==== Source material

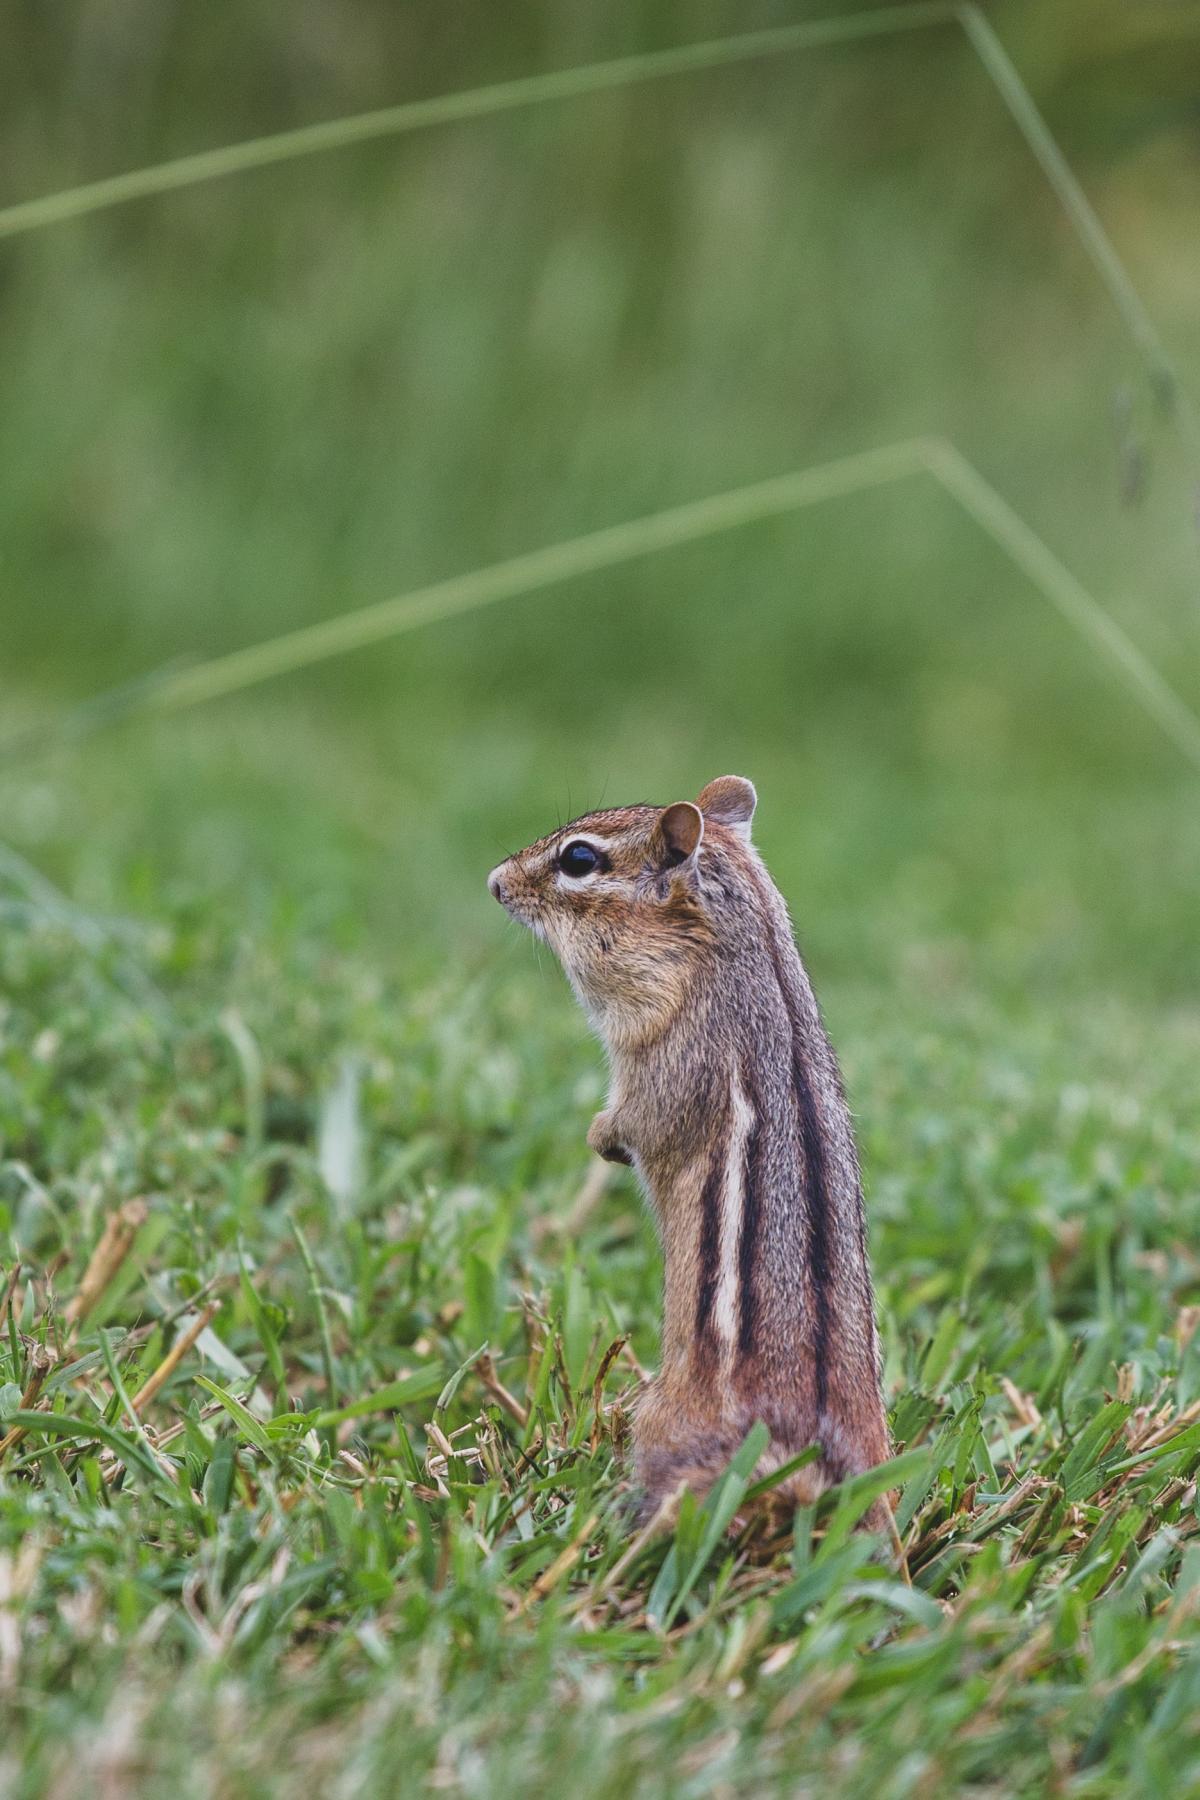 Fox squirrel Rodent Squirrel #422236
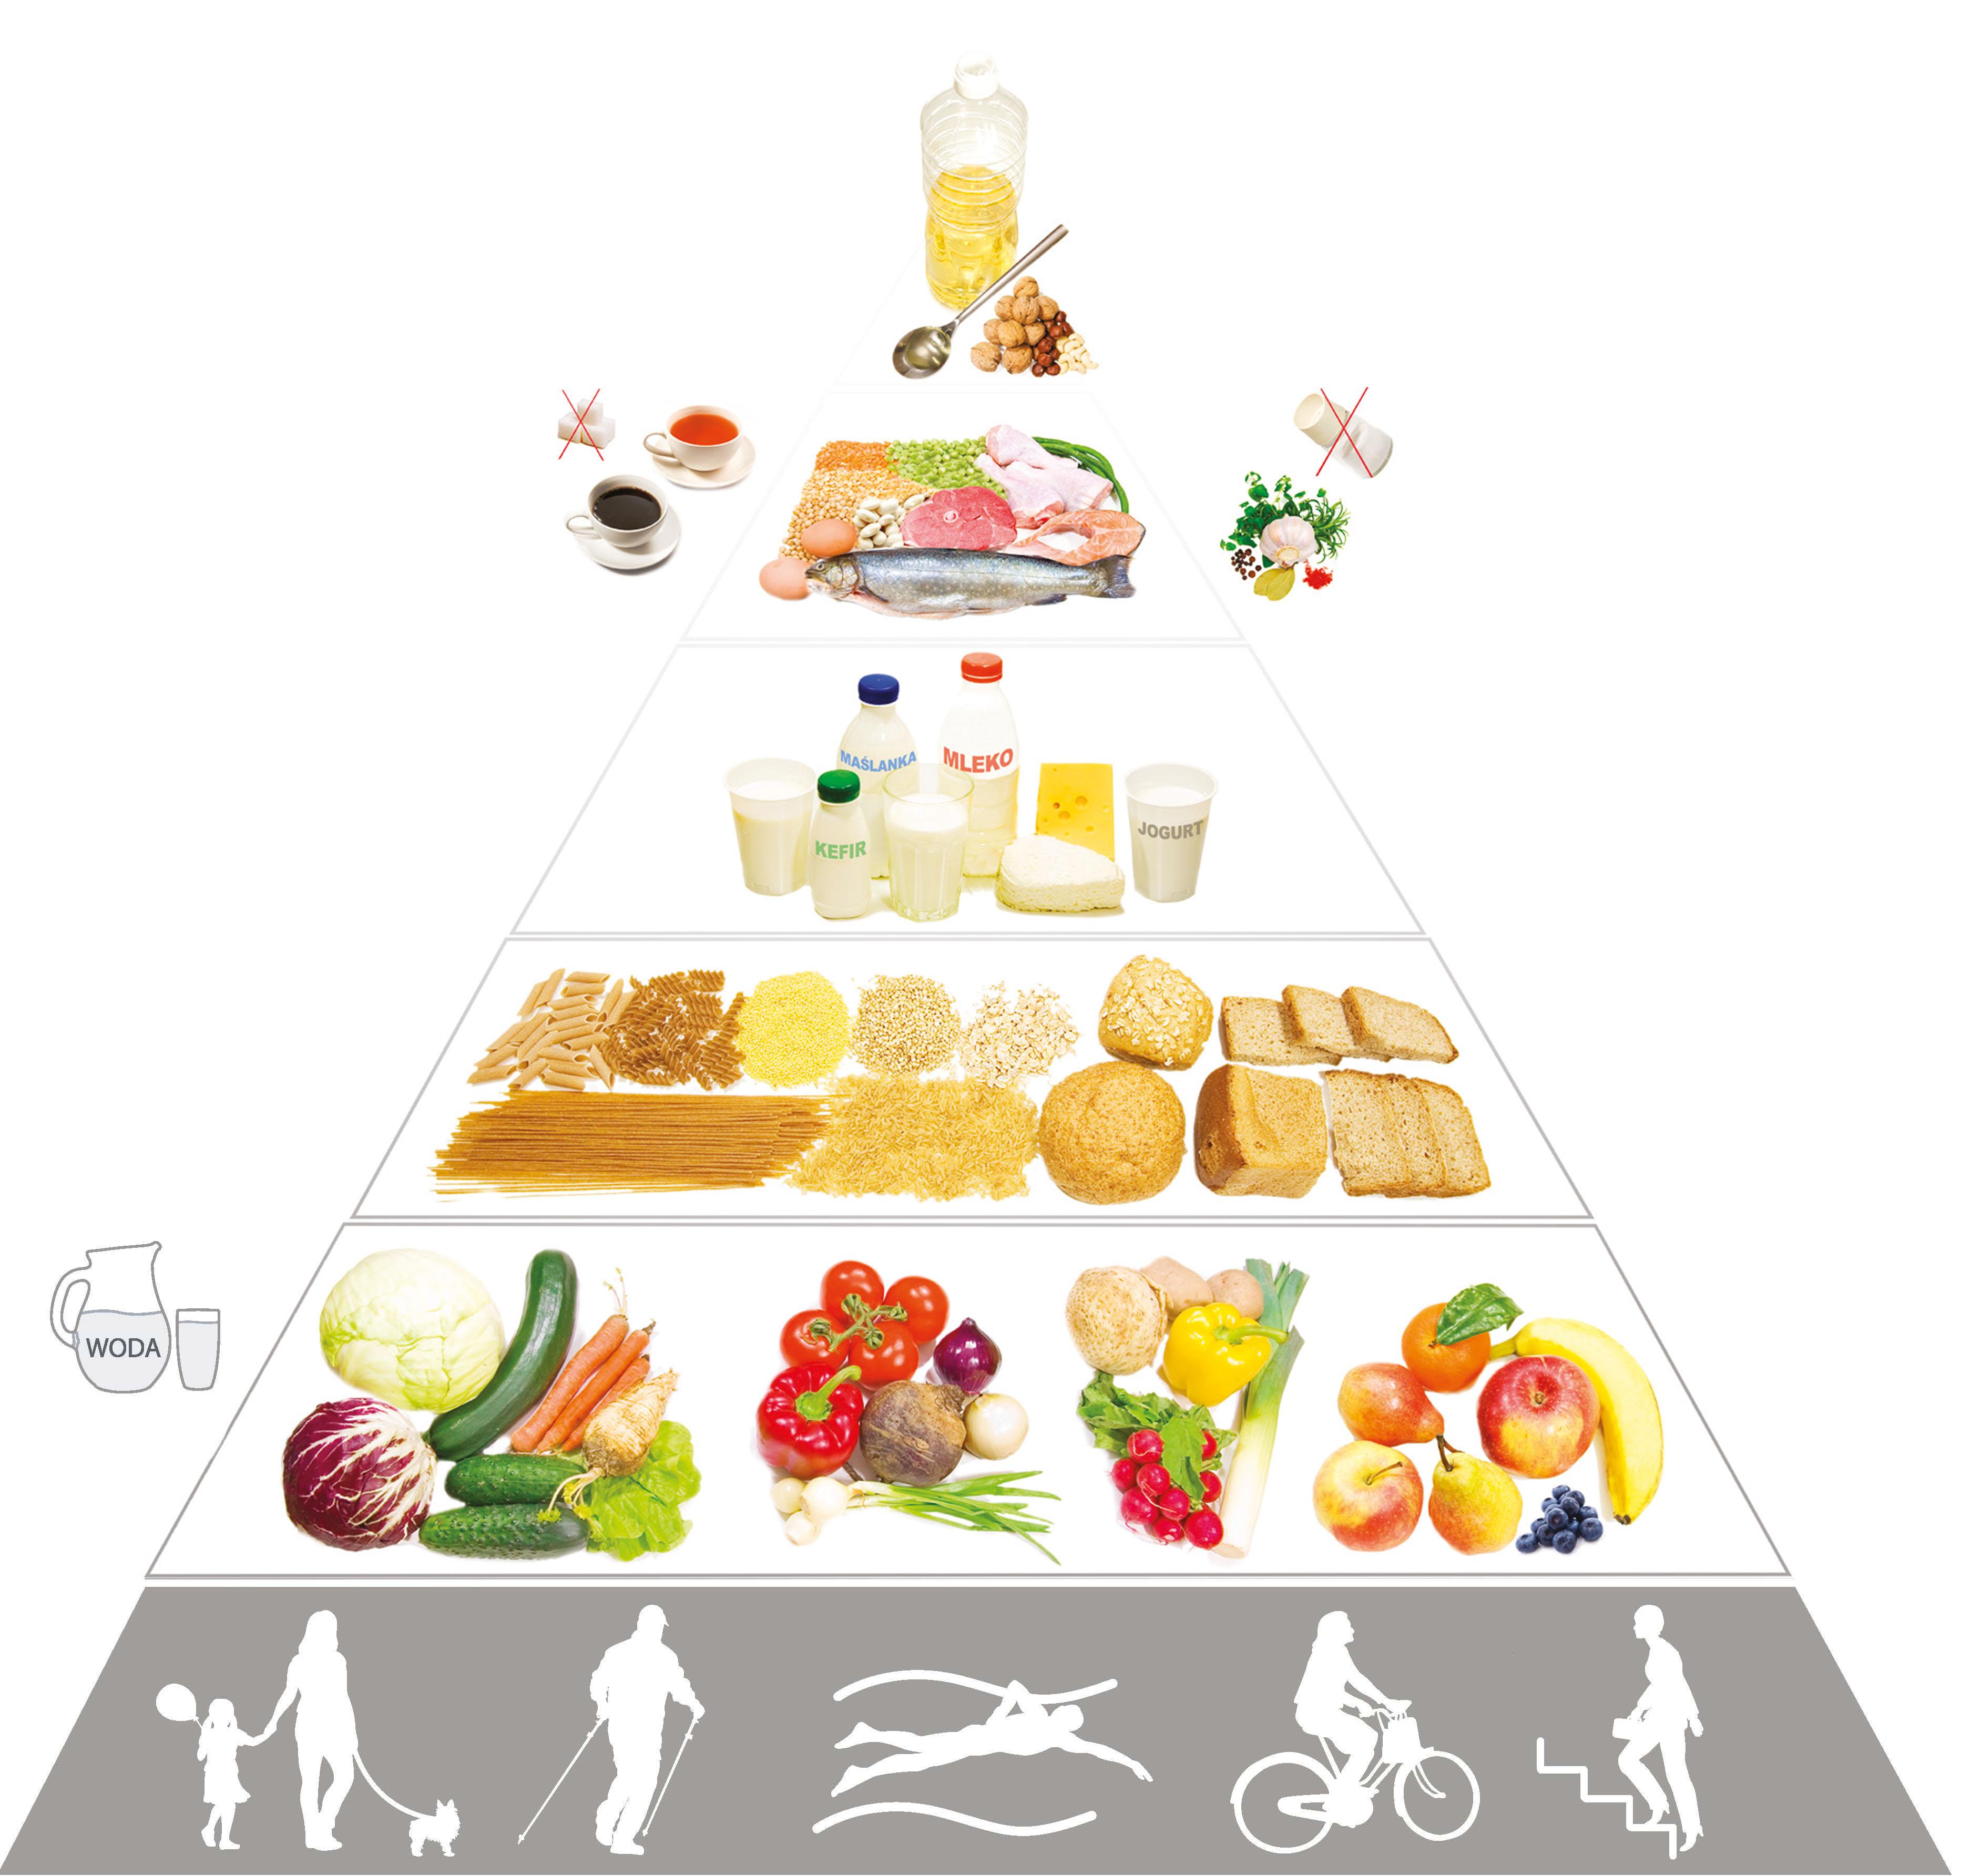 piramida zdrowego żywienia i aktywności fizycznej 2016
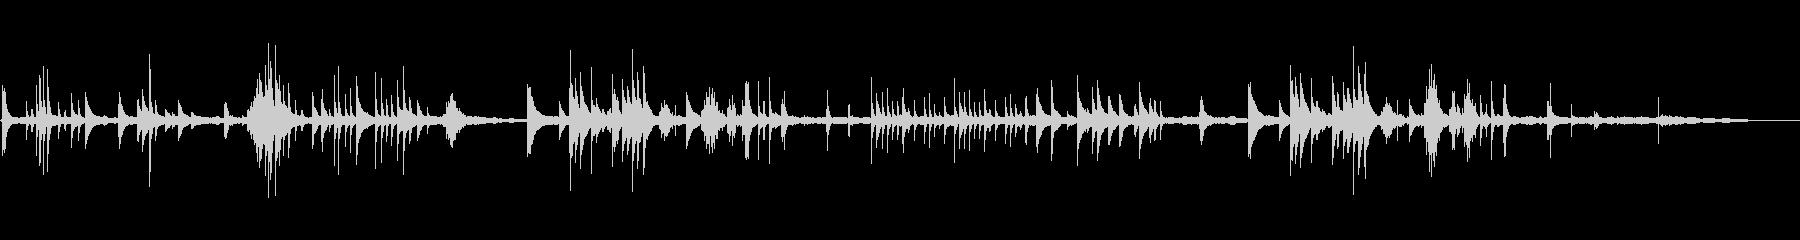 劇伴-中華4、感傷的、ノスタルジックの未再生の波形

========

Word for word, reproduce all of the data, but keep out the pictures.

◆ **Completed exercise**:
 Fox squirrel Rodent Squirrel #422236
 piramida zdrowego żywienia i aktywności fizycznej 2016
 劇伴-中華4、感傷的、ノスタルジックの未再生の波形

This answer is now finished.